Dimbleby Cancer Care today officially launches cancercaremap.org, after research* finds a significant lack of awareness across the UK of the thousands of support and advice services available following a cancer diagnosis.
New research revealed that over half (51%) of those in Britain were unaware of emotional support services, such as talking therapy or support groups, despite studies finding mental ill health can affect up to 49% of people with cancer.1 Just under three quarters also lacked awareness of the financial or practical support available.
In addition, the findings highlighted that:
- Men are significantly less likely to be aware of the support and advice services available than women. For example, 43% of women were aware of health and wellbeing services, such as complementary therapies, available following a cancer diagnosis compared to 36% of men
- Cancer support and advice services are most likely to be sought by family members with 20% of all those surveyed doing so on a family member’s behalf, compared to only 7% doing so for themselves
- Over a quarter (28%) of those surveyed online would turn to the internet first in search for support.
Cancer Care Map is now being launched ahead of World Cancer Day (Monday 4th February), to address this information gap, and provide the UK’s only comprehensive directory of cancer-related services for those living with cancer, their friends and family, carers and clinicians.

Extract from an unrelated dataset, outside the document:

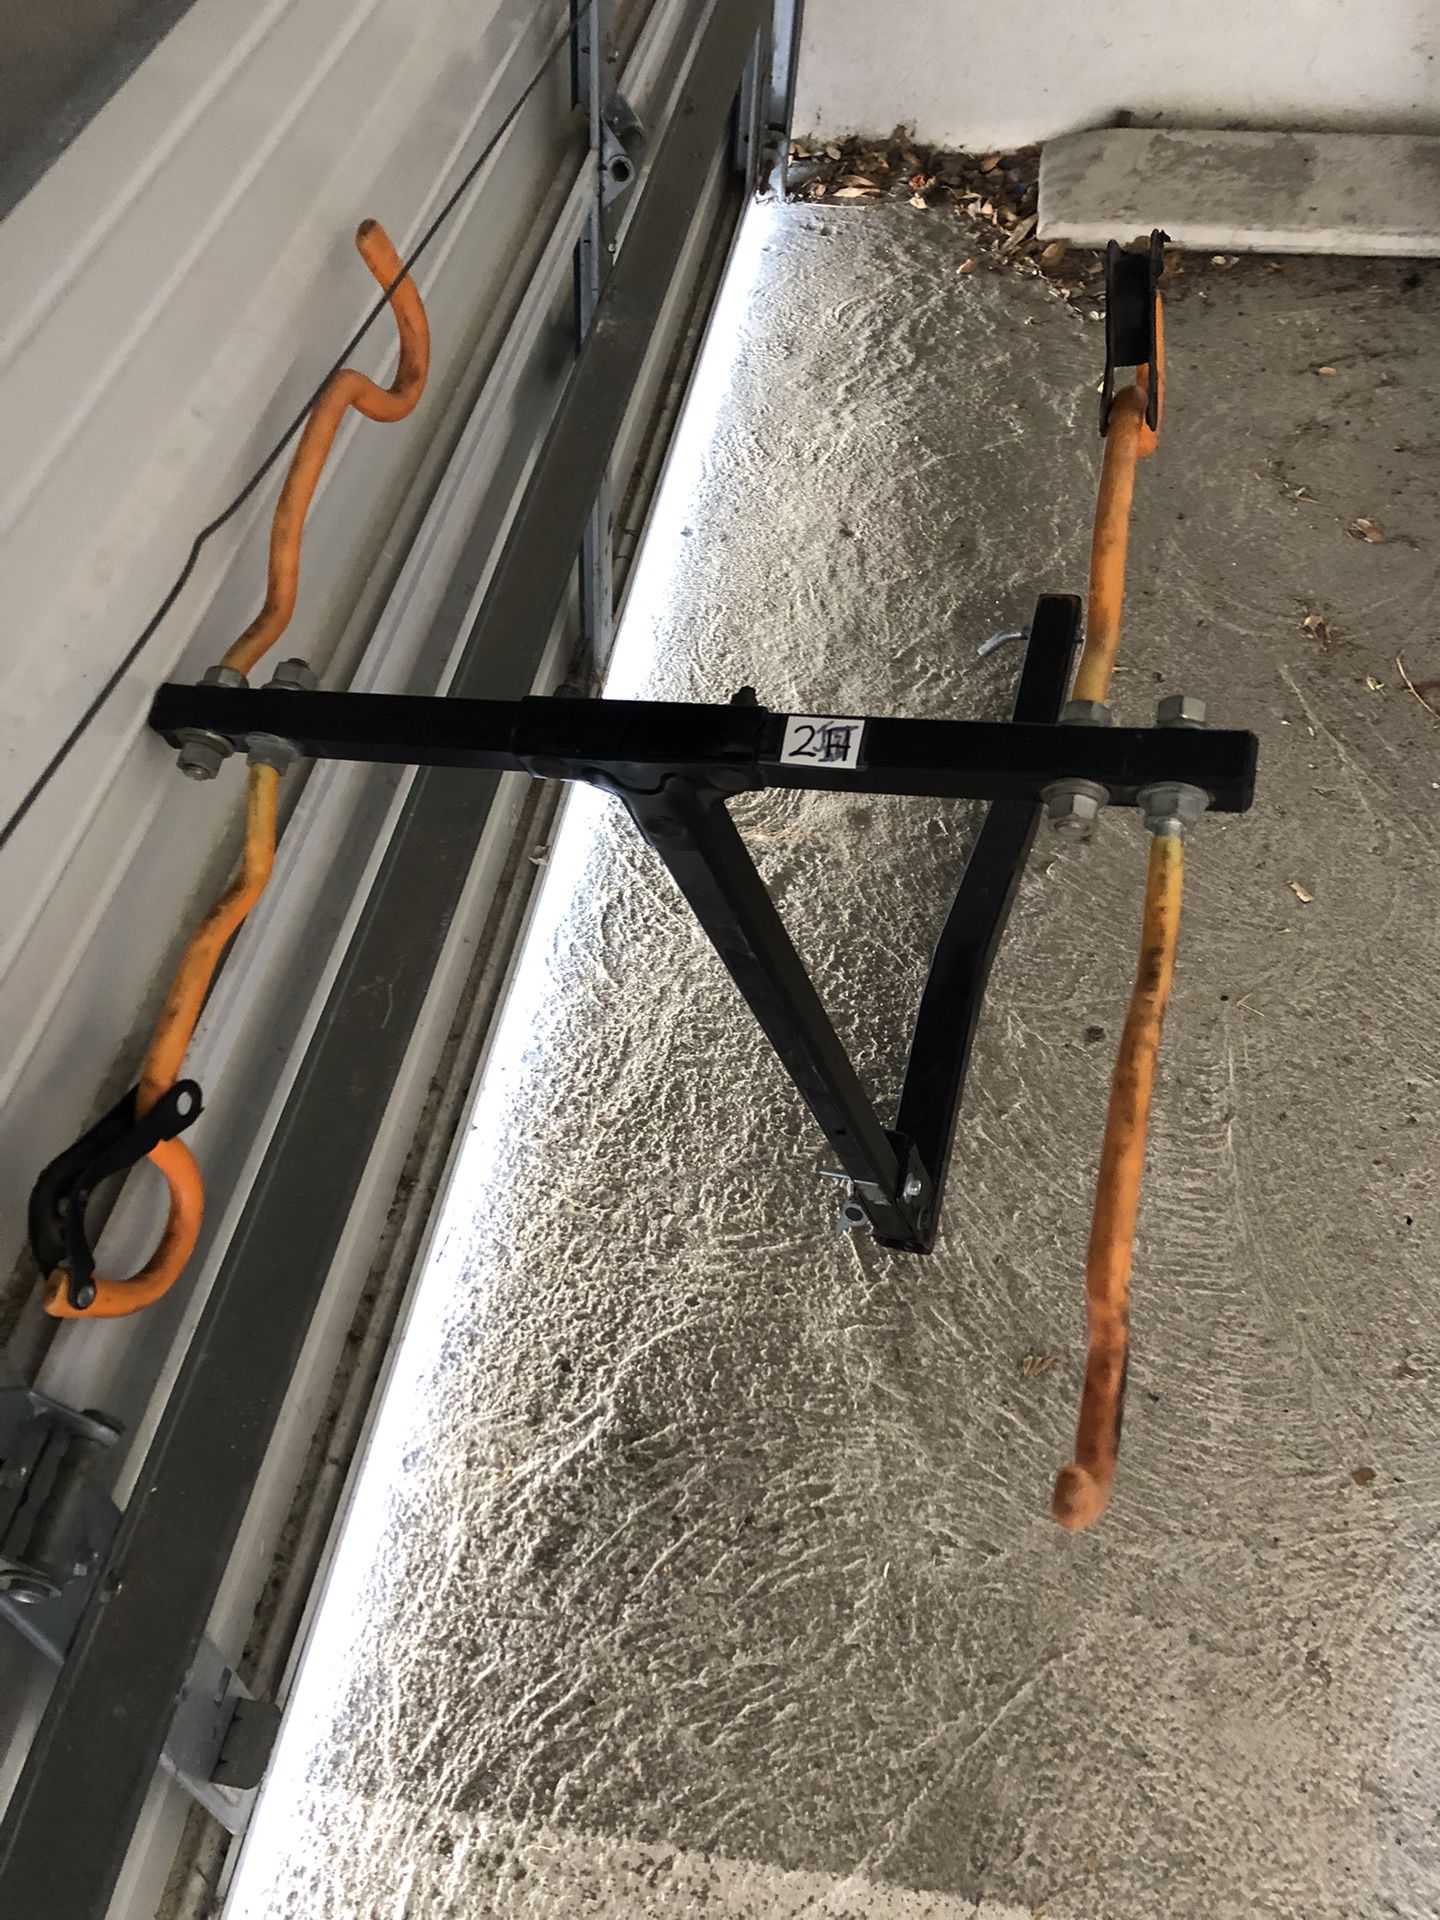 Bike rack For Standard Slide 2 1/2 Inch Hitch Folds down For Easy Access To Hatch Or Tailgate

The pilot site for Cancer Care Map opened in February 2018 and has been developed over the past year with the input of current and former cancer patients, carers and clinical staff. Growing week by week the site features everything from NHS centers, charity and community led groups to local businesses offering special discounts.
Jonathan Dimbleby chair of Dimbleby Cancer Care and creator of the map, explains, “These results illustrate a shocking truth - that vital cancer care and support services are available, yet remain hidden to those who need them. By 2020, one in two people in the UK will have had a cancer diagnosis in their lifetime.2 That’s 27.6 million people who may not know where to find cancer support groups in their local area.”